Re: [PATCH 2/3] arm64: Optimize __READ_ONCE() with CONFIG_LTO=y
From: Marco Elver <elver@google.com>
Date: 2026-01-26 23:16:15
Also in:
lkml, llvm
On Mon, 26 Jan 2026 at 12:16, David Laight [off-list ref] wrote:
On Mon, 26 Jan 2026 01:25:11 +0100 Marco Elver [off-list ref] wrote:quoted
Rework arm64 LTO __READ_ONCE() to improve code generation as follows: 1. Replace the _Generic-based __unqual_scalar_typeof() with the builtin typeof_unqual(). This strips qualifiers from all types, not just integer types, which is required to be able to assign (must be non-const) to __u.__val in the non-atomic case (required for #2). One subtle point here is that non-integer types of __val could be const or volatile within the union with the old __unqual_scalar_typeof(), if the passed variable is const or volatile.
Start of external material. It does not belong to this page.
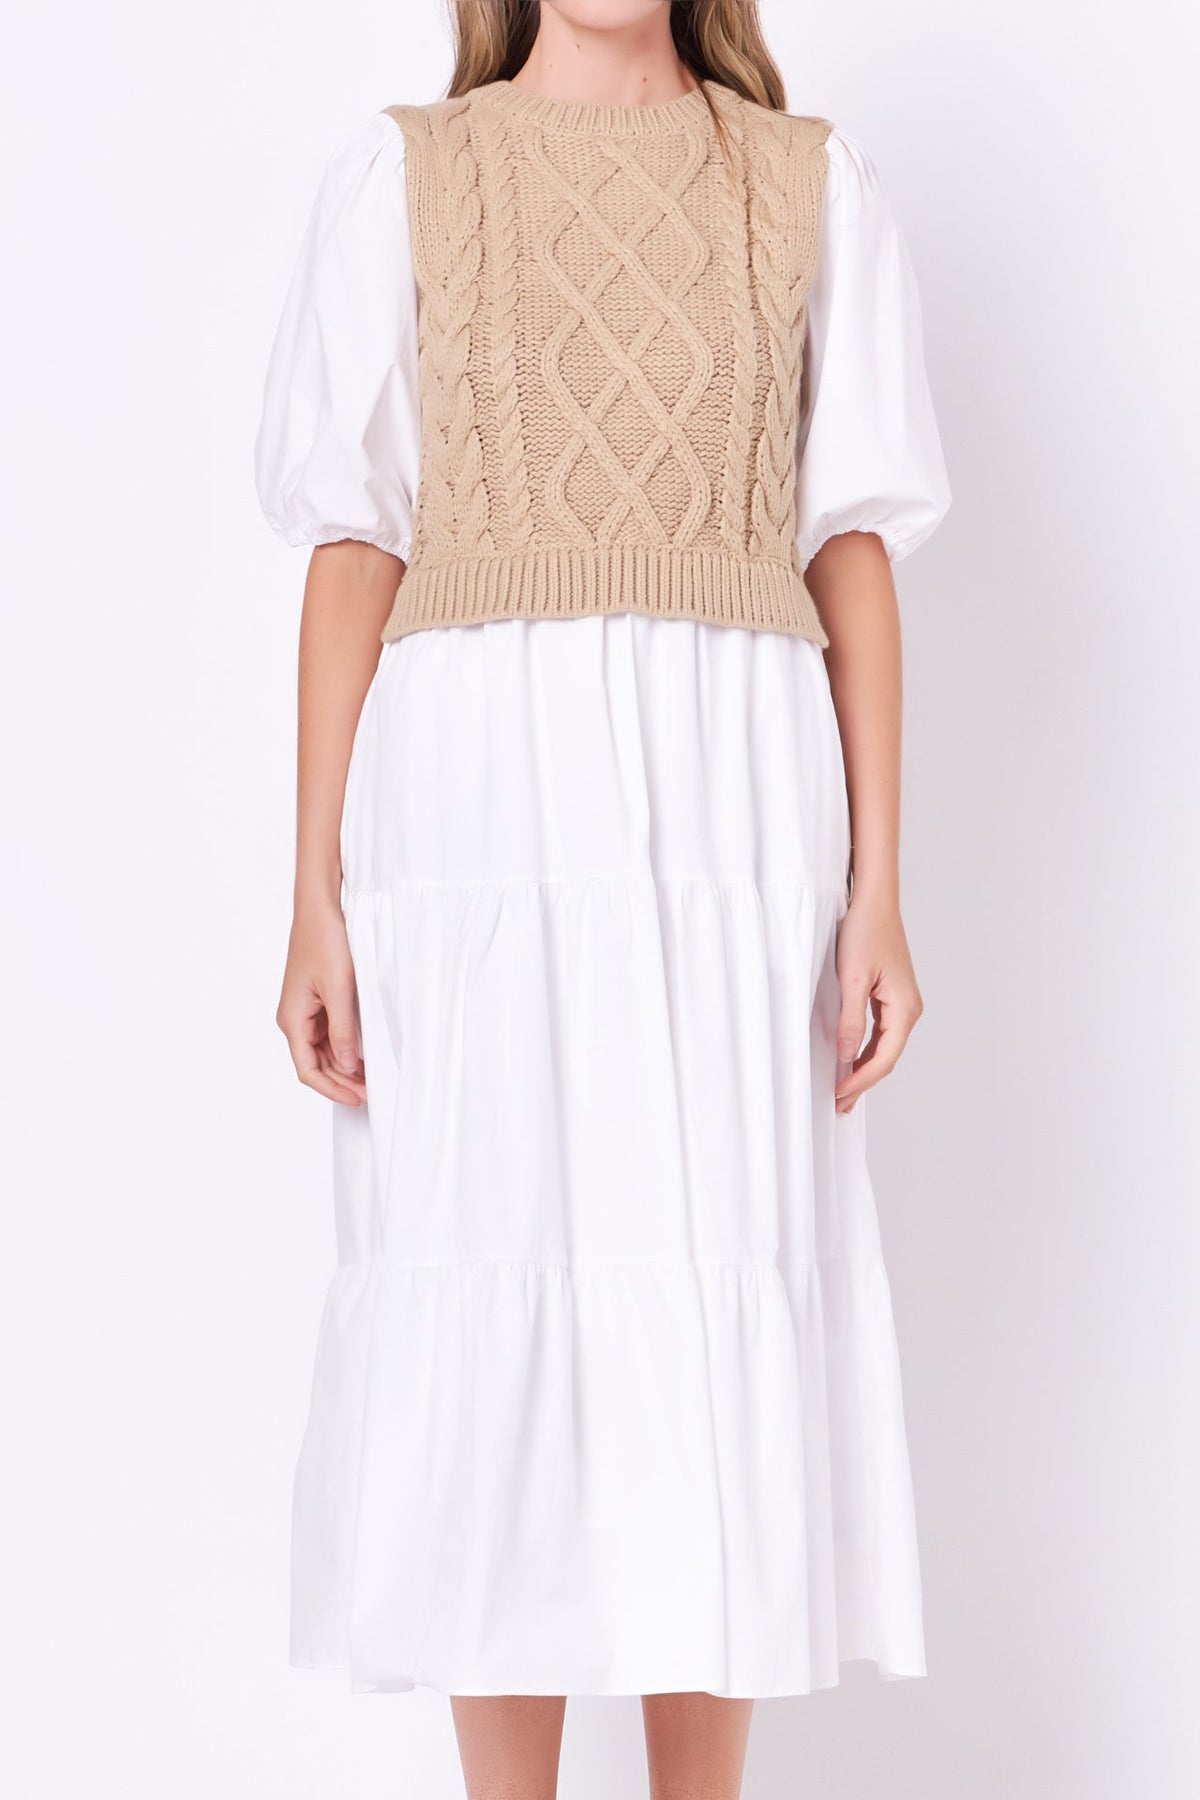 ENGLISH FACTORY - Mixed Media Cable Knit Down Midi Dress - DRESSES available at Objectrare

This would then result in a forced load from the stack if __u.__val is volatile; in the case of const, it does look odd if the underlying storage changes, but the compiler is told said member is "const" -- it smells like UB. 2. Eliminate the atomic flag and ternary conditional expression. Move the fallback volatile load into the default case of the switch, ensuring __u is unconditionally initialized across all paths. The statement expression now unconditionally returns __u.__val.Does it even need to be a union? I think (eg): TYPEOF_UNQUAL(*__x) __val; \ ... : "=r" (*(__u32 *)&__val) \ will have the same effect (might need an __force for sparse).
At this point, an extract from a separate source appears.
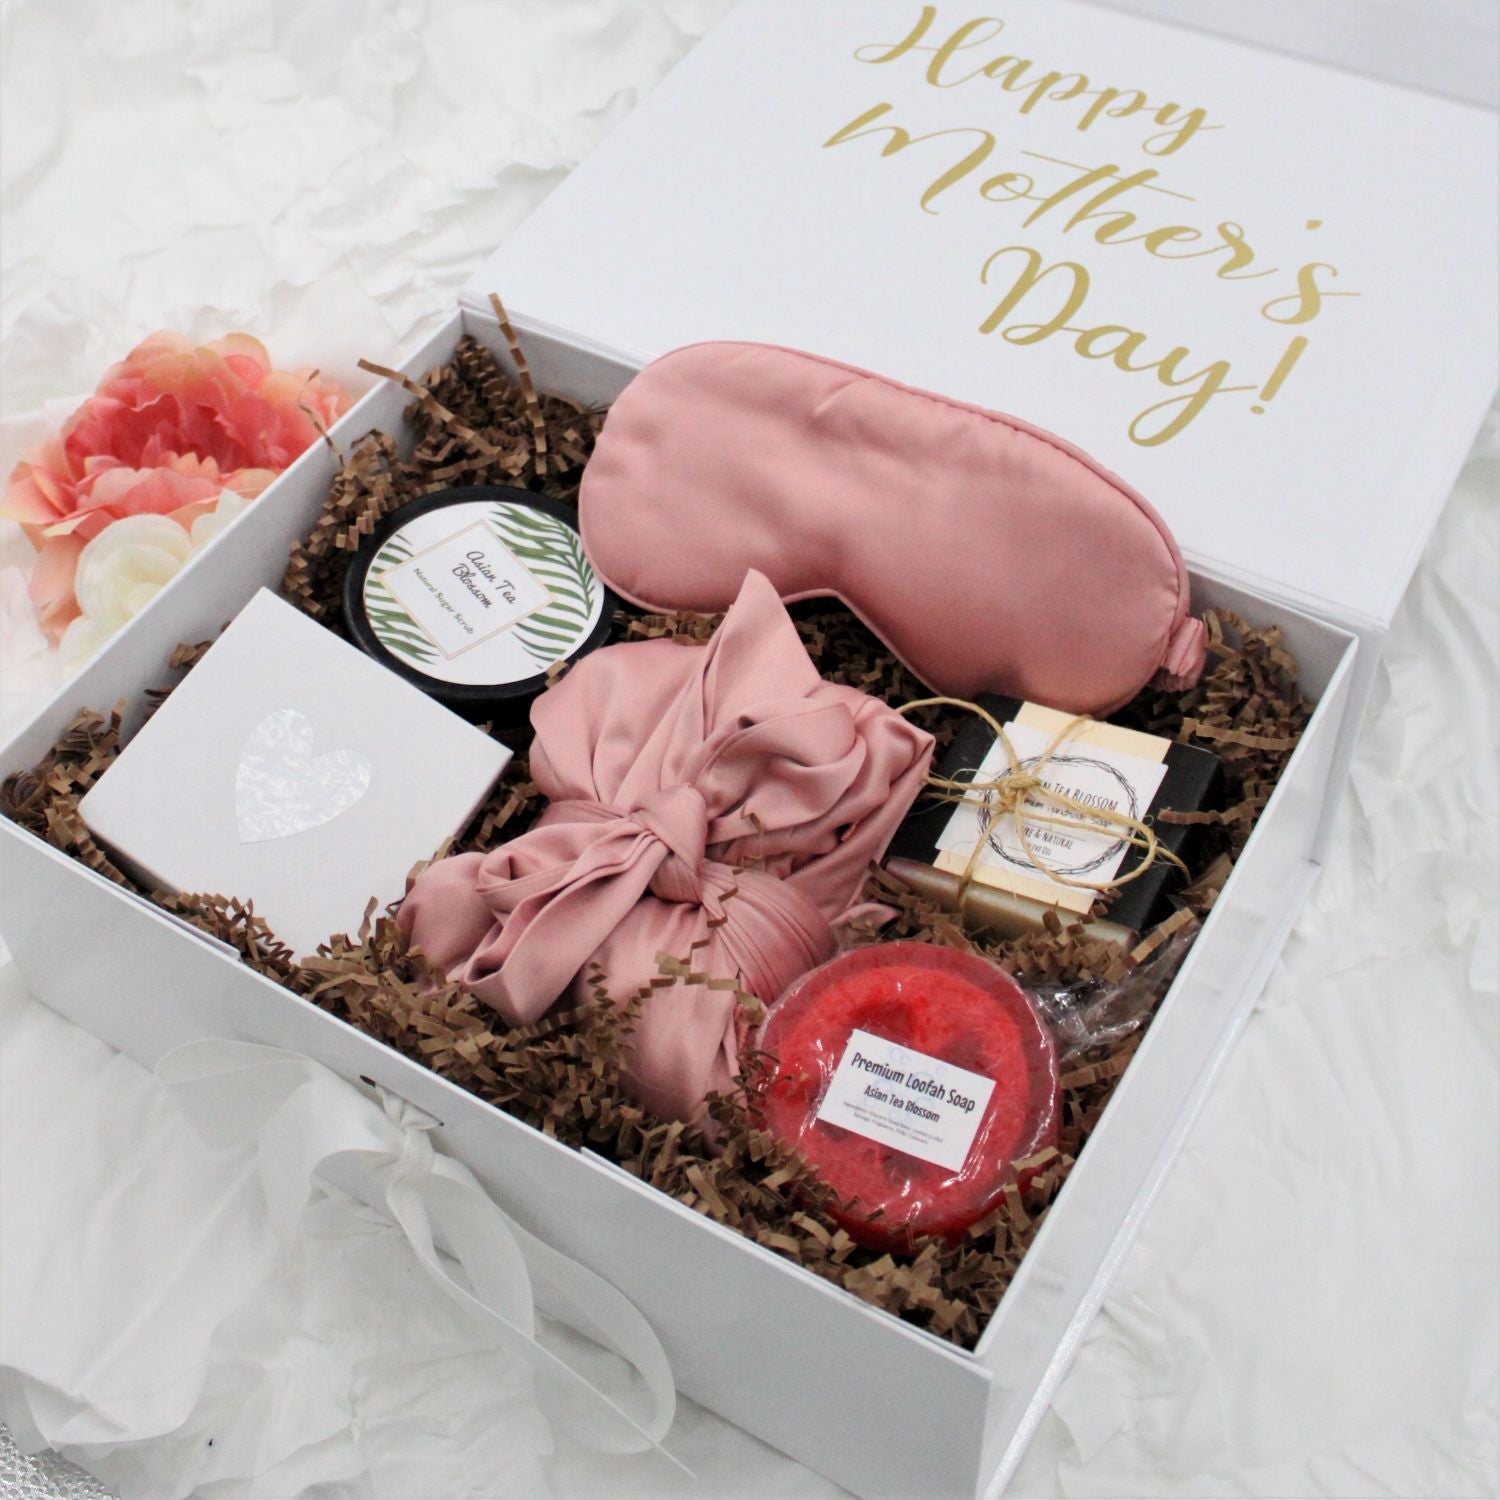 14 personalized gifts to give Mom this Mother's Day

Unsure, but we might be treading on UB even with -fno-strict-aliasing given all the inline asm around here.
Also is the 'default' branch even needed? READ_ONCE() rejects sizes other than 1, 2, 4 and 8. A quick search only found one oversize read - for 'struct vcpu_runstate_info' in arch/x86/kvm/xen.c Requiring that code use a different define might make sense. I also did some x86-64 build timings with compiletime_assert_rwonce_type() commented out. Expanding and compiling that check seems to add just over 1% to the build time. So anything to shrink that define is likely to be noticeable.
The compiletime_assert_rwonce_type() is for the benefit of the asm-generic variant, which is implemented like the 'default' case here by default. This here is only the arm64 override of all that with LTO.